Skip to content

amuraru/k8s-kafka-the-hard-way

Repository files navigation

Inspired by Kelsey Hightower's kubernetes-the-hard-way, this tutorial walks you through setting up Kafka on K8s using BanzaiCloud Kafka Operator on a local kind cluster.

Intro

This is a quick tutorial on how to run the fine piece BanzaiCloud Kafka-Operator in a local multi-node kind cluster.

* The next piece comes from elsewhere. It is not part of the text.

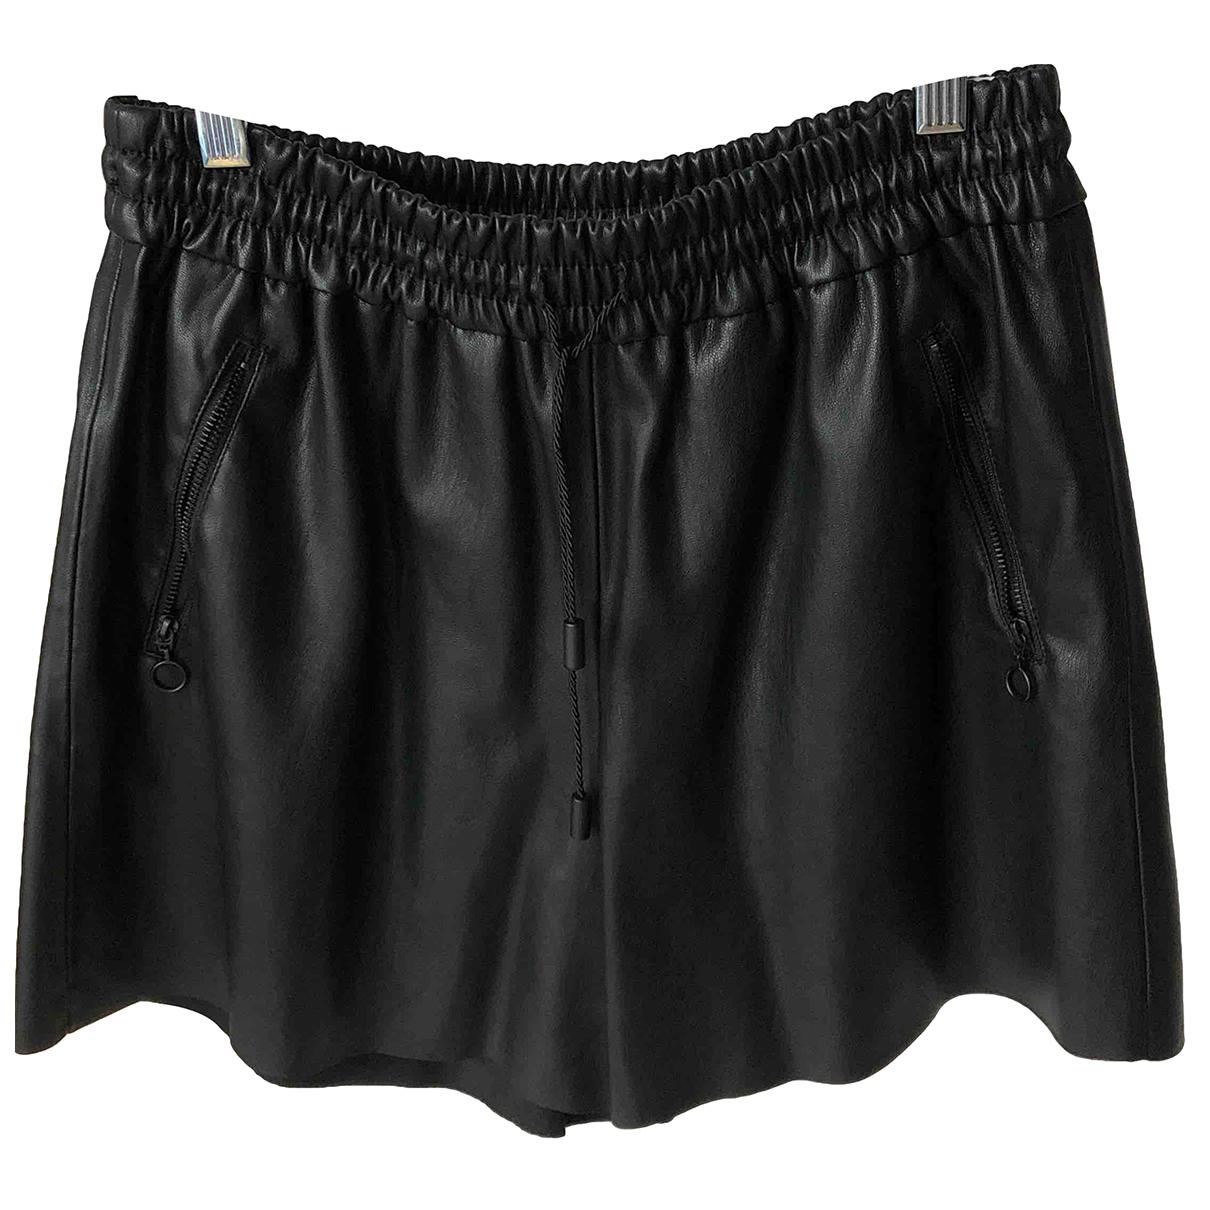 Zara \N Shorts in  Schwarz Polyester

Install Kafka in a kind k8s cluster

Install kind

curl -Lo ./kind "https://github.com/kubernetes-sigs/kind/releases/download/v0.14.0/kind-$(uname)-amd64"
chmod +x ./kind
mv ./kind ~/bin

Create a mini k8s cluster using kind

Create cluster configuration

mkdir ~/.kind
# Create a 6 node cluster configuration
cat > ~/.kind/kind-config.yaml <<EOF
kind: Cluster
apiVersion: kind.x-k8s.io/v1alpha4
nodes:
- role: control-plane
- role: worker
- role: worker
- role: worker
- role: worker
- role: worker
- role: worker
EOF

Start k8s kind cluster

kind create cluster \
--name kafka \
--config ~/.kind/kind-config.yaml \
`# renovate: datasource=docker depName=kindest/node ` \
--image kindest/node:v1.24.1

Once the cluster is created your KUBECONFIG is updated to include the new kind-kafka cluster context.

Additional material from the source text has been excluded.